-- DATA BLOCK follows --
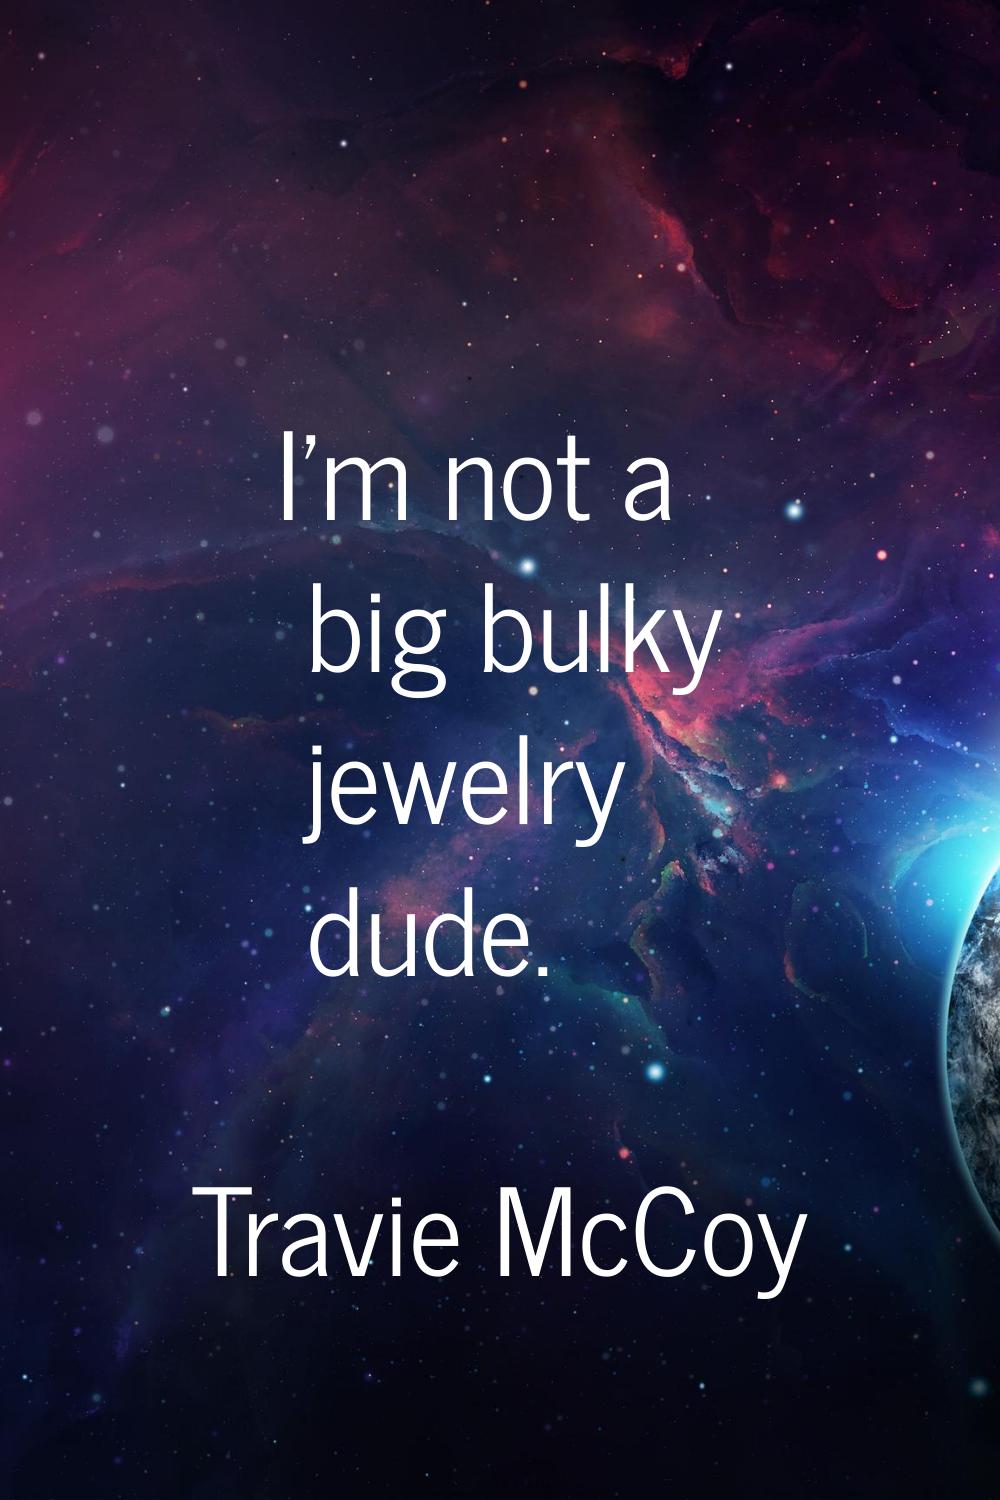 I'm not a big bulky jewelry dude.
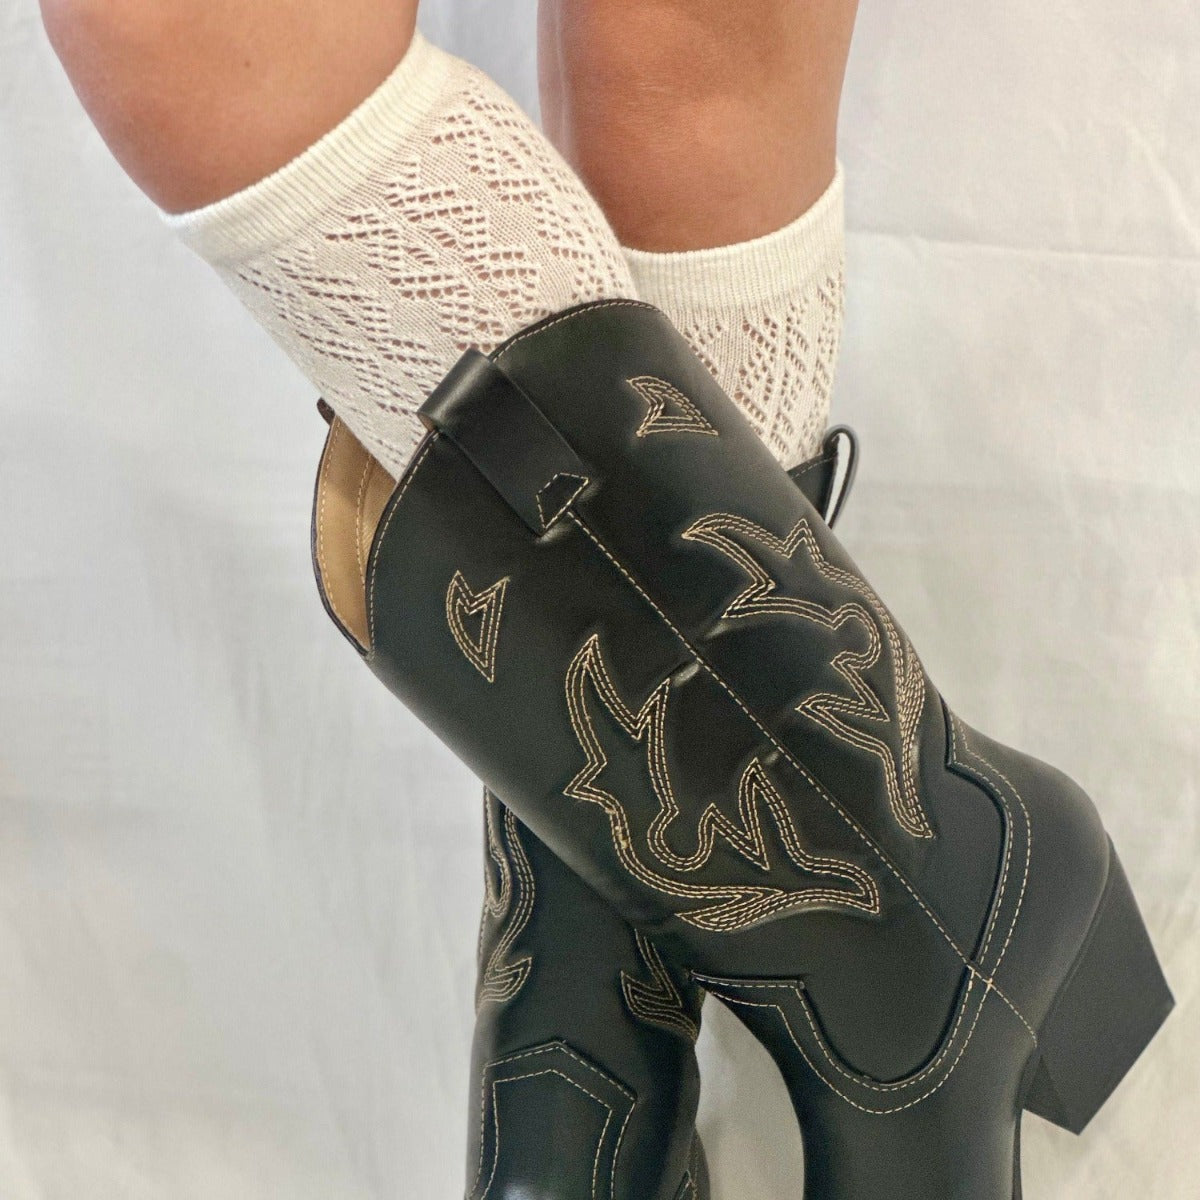 socks womens cowboy boots fashion - catherine cole atelier, best socks for cowgirl boots near me western
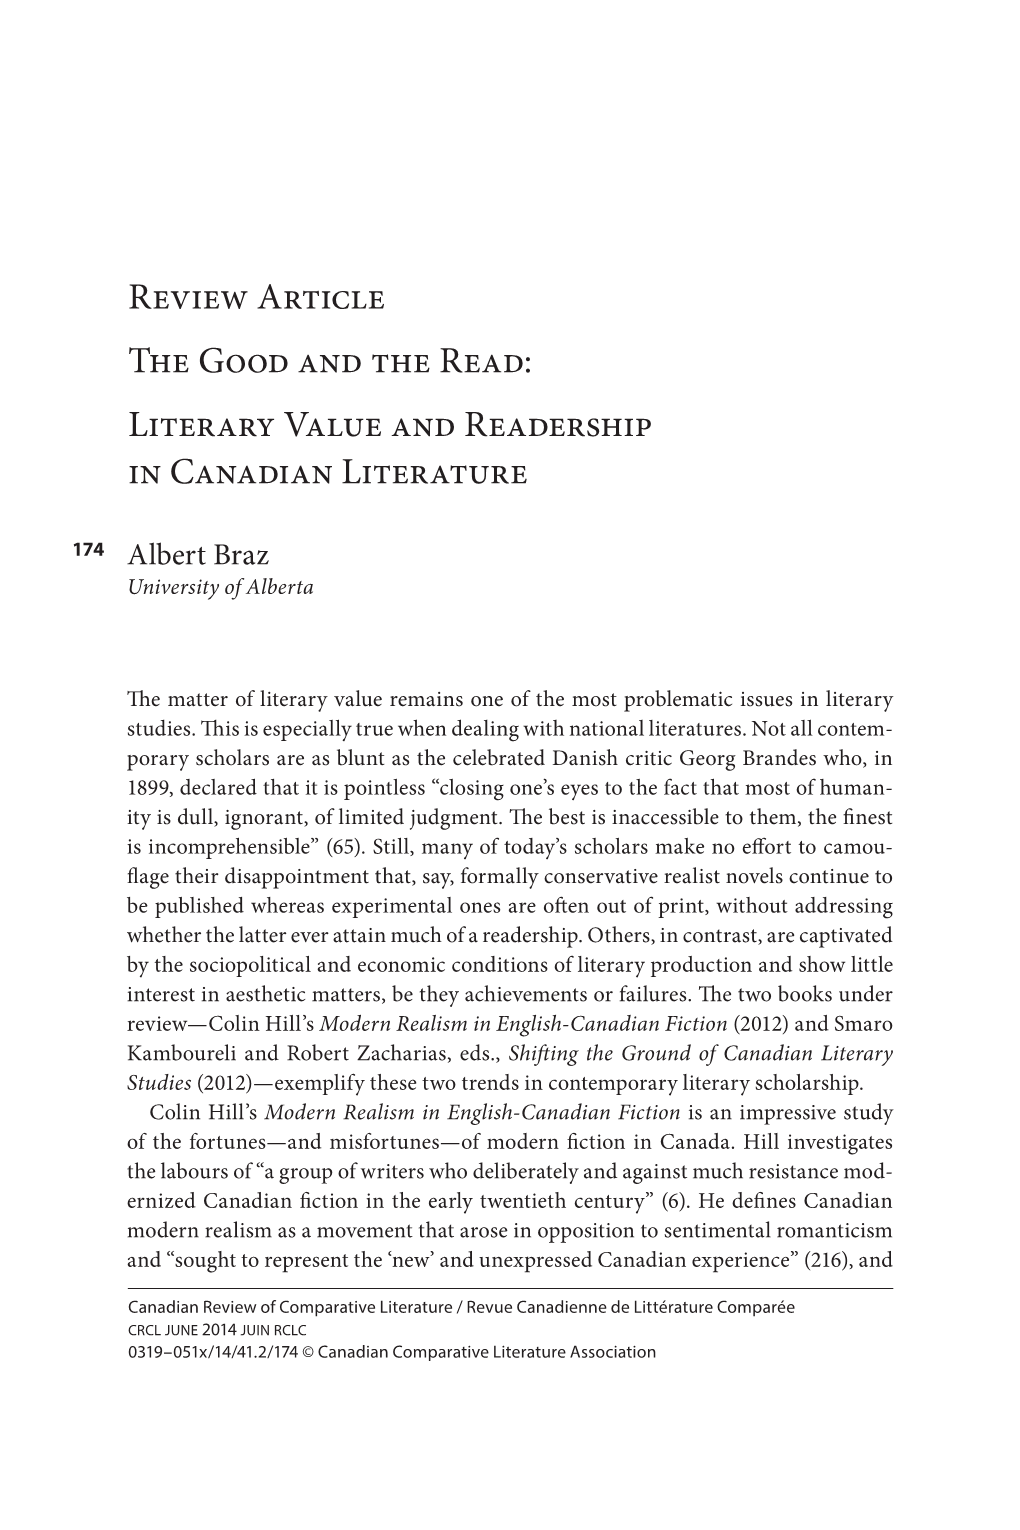 Review Article the Good and the Read: Literary Value and Readership in Canadian Literature
-- DATA BLOCK concluded --
I would like you to set down the lines above, from the one containing "socks womens cowboy" to the final line, exactly as written and without pictures.

 socks womens cowboy boots fashion - catherine cole atelier, best socks for cowgirl boots near me western
 Review Article the Good and the Read: Literary Value and Readership in Canadian Literature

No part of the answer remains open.